DH: There was quite a bit of tension in the program. TNF [1995–1999], and later Novartis and the Novartis Foundation [2000–present], were providing medications at no cost. There were other NGOs that were also providing medications. Medications seemed to be the key to fundraising for these NGOs, and so when these donations began, they were not very happy. That created some tension. There was also tension over who should lead the program, and who should not, and I think there was quite a bit of resentment from some of the NGOs toward the WHO. I saw my role as trying to mediate the many tensions that were occurring. But tensions often develop, and the only way to deal with them is to sit around the table with everyone.

LB: The WHO–TNF/SHF partnership will be 50 years old in 2025. What do you think has contributed to its longevity?

DH: To me it was a clear, constant and unwavering vision that drove the partnership. TNF/SHF had a vision. It changed over time: as I understand it, initially it was based purely on treatment and diagnosis; then it became more about human rights and people affected by leprosy, or Hansen’s disease, adding an important element to the already important work of providing for diagnosis and treatment.

Mr. [Yohei] Sasakawa has been a real champion for leprosy elimination and has been able to meet with very influential people, including heads of state, all over the world. He is an amazingly dynamic and energetic leader who has done many good things and continues to generate the energy behind the leprosy program.

LB: Do you think it is unusual for private-sector partners to support a single disease program for so long?

DH: There are others. In polio eradication, there is Rotary International. It has been a faithful partner since 1988. There is the onchocerciasis (river blindness) partnership, which depends on the Mectizan Donation Program, supported by the Merck Foundation. So the Sasakawa foundations’ partnership with WHO is not unique, but it’s very important, especially given that leprosy is often neglected because it is a high disability disease, as opposed to a high mortality disease or an emerging infection, and high disability diseases don’t tend to attract a lot of donor financing. 

LB: In their partnership with WHO, TNF and SHF have always attached importance to having numerical targets in the fight against leprosy. What are your views on targets?

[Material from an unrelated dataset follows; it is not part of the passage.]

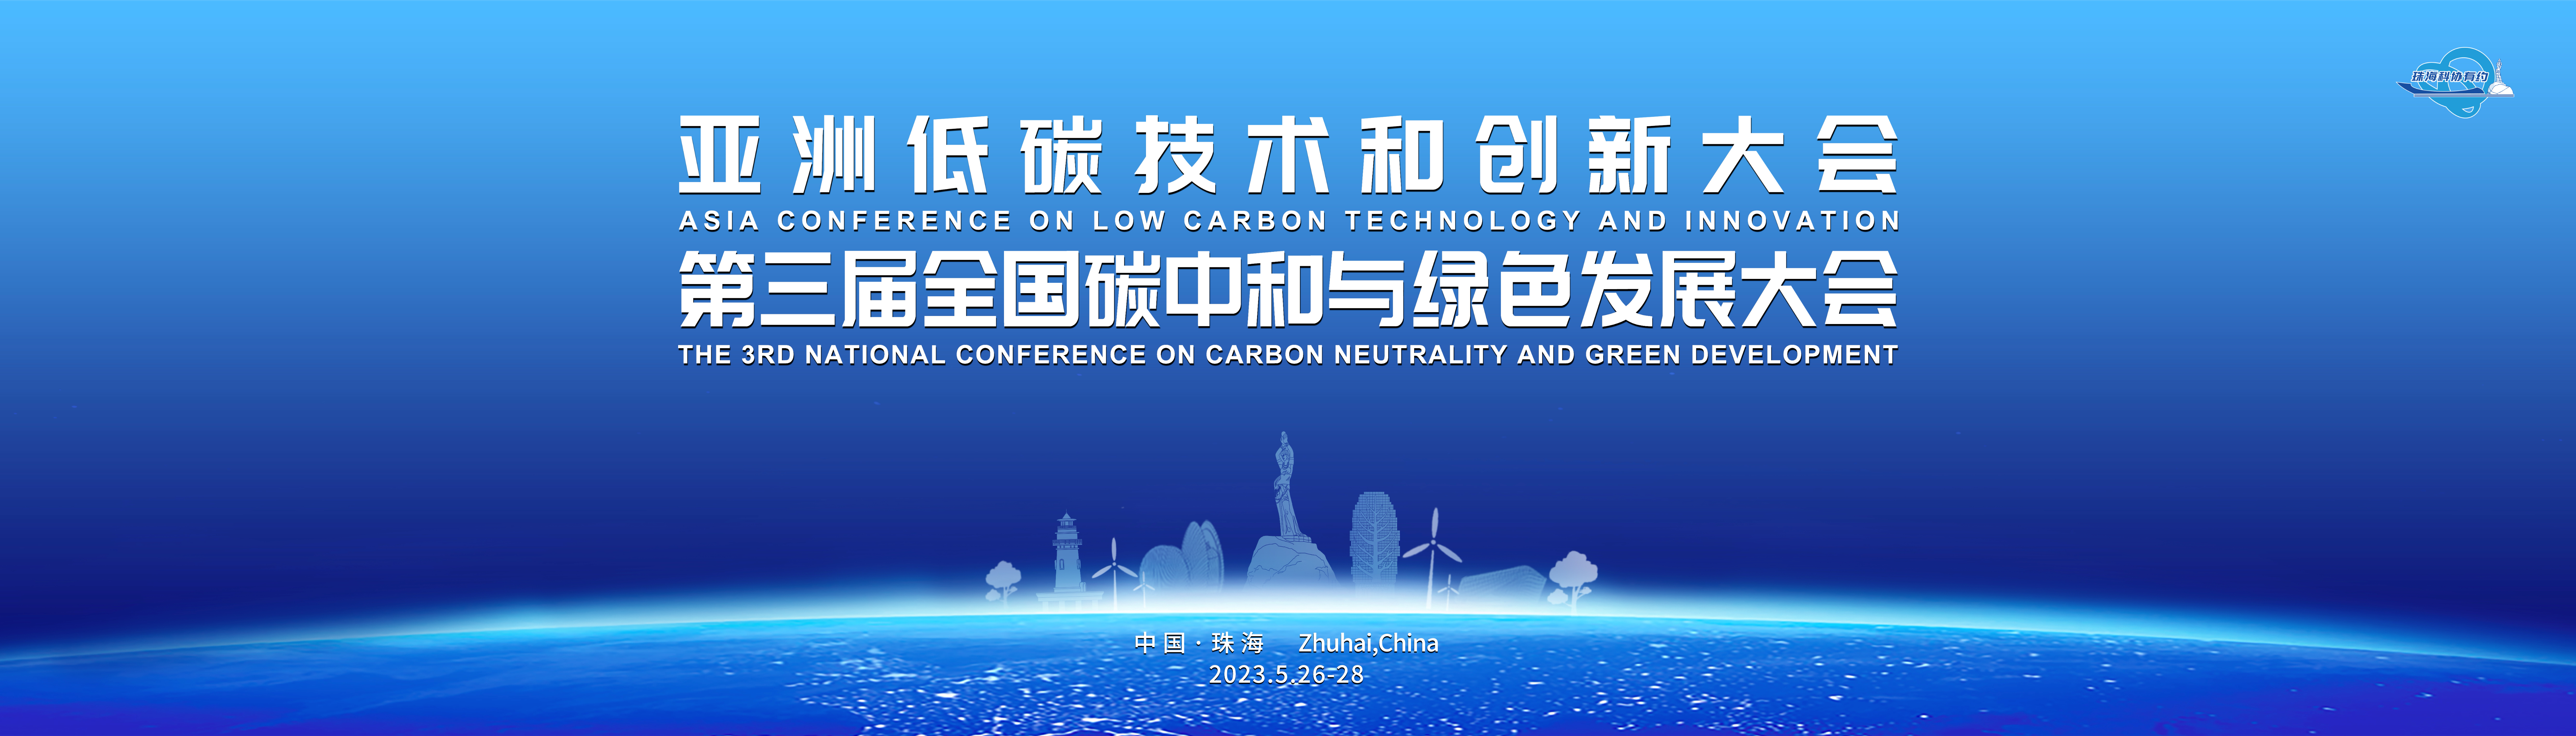 助力绿色生态建设  亚洲低碳技术和创新大会即将举办

DH: Having targets that say this is going to happen, and this is going to happen by a certain date or this is what we are aiming for makes it possible to pull in short-term partners to provide drugs, whether for leprosy or for onchocerciasis or other diseases. But long-term sustainability is really important to think about at the same time. I used to wonder, and I still do, what would happen if there was a decision by Novartis or TNF/SHF to stop contributing to leprosy control. I don’t believe that WHO would be able to continue on its own because of many competing priorities, especially those with high mortality.

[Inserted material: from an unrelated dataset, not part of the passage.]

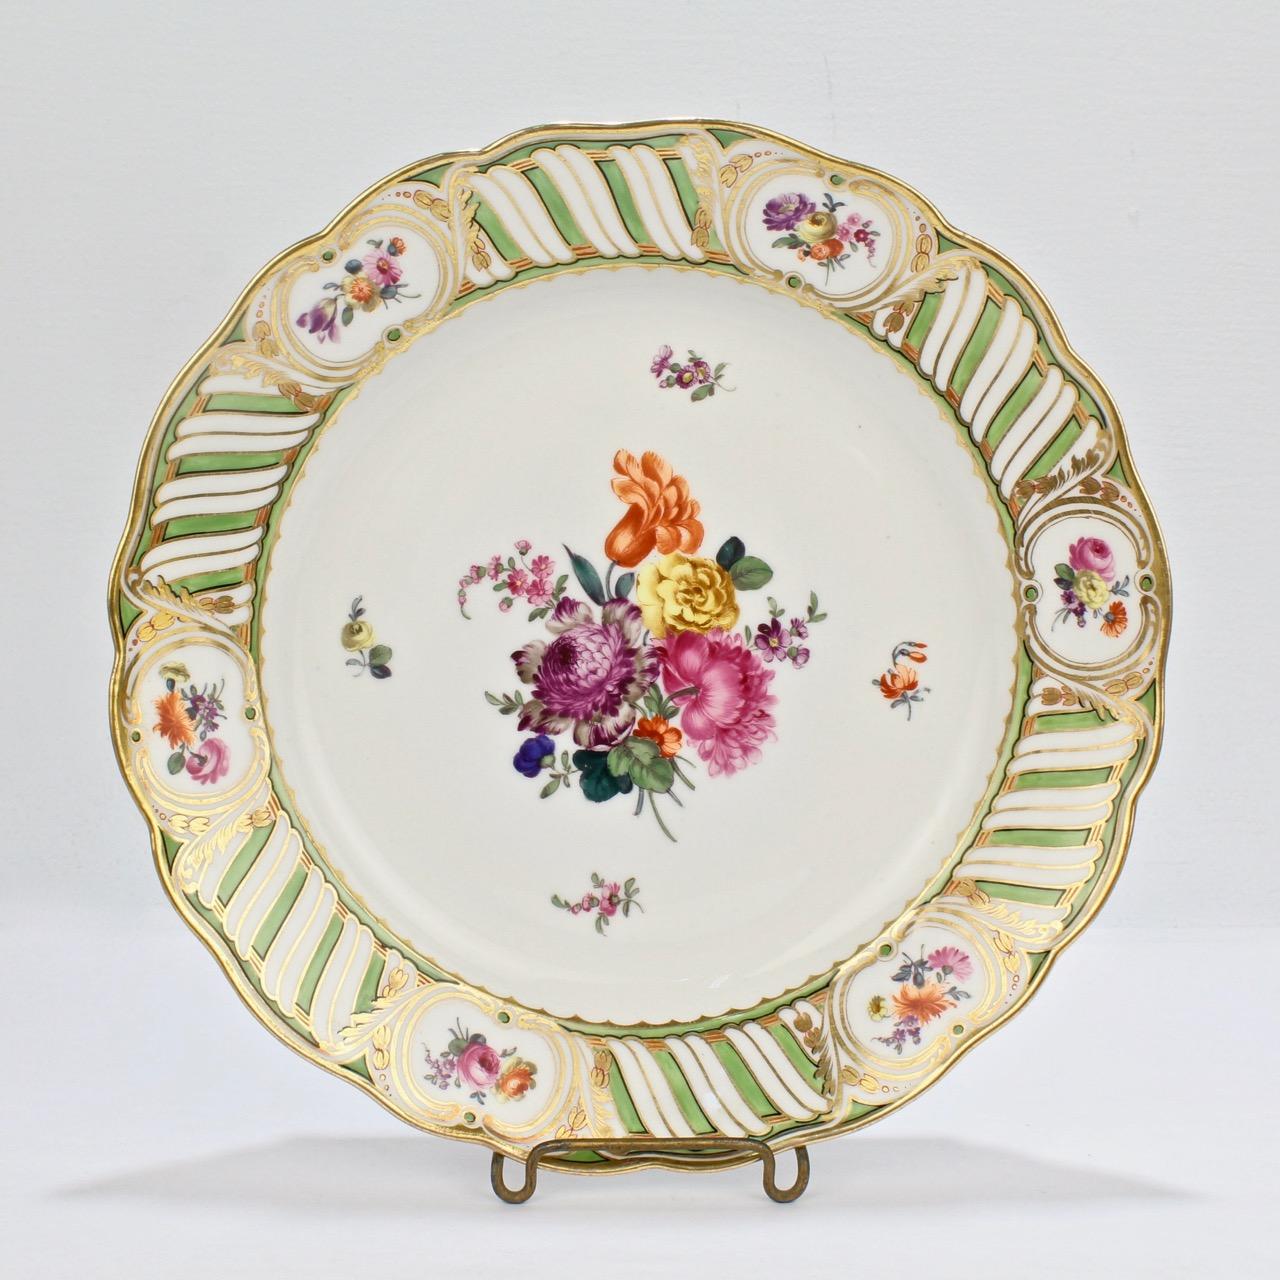 6 Antique Vienna Porcelain Plates with Green Borders & Deutsche Blumen Flowers 1

LB: How do you view the progress made against the disease and the prospects for the future?

DH: I like to talk about windows of opportunity, and I think there is a window of opportunity to really reduce the prevalence and incidence of leprosy to a very low level, where it could theoretically disappear in the future. However, it is important to take advantage of this window of opportunity now when it exists. The same applies to any other disease. If there is a window of opportunity because all the parts fall in place as they have for leprosy, it is important to take advantage of it and hope that the window remains open long enough to have an impact.

Dr. David Heymann (seated at table, far right) attended the “First Meeting of Global Alliance for Elimination of Leprosy & Advocacy,” held in New Delhi, India, Jan. 30–31, 2001, as the WHO Executive Director of Communicable Diseases. According to a report published at the time, Dr. Heymann emphasized that, in addition to integrating leprosy into general health services and teaching health workers at all levels to diagnose and treat leprosy, all available techniques should be used to encourage communities to demand their right to live in a world without leprosy.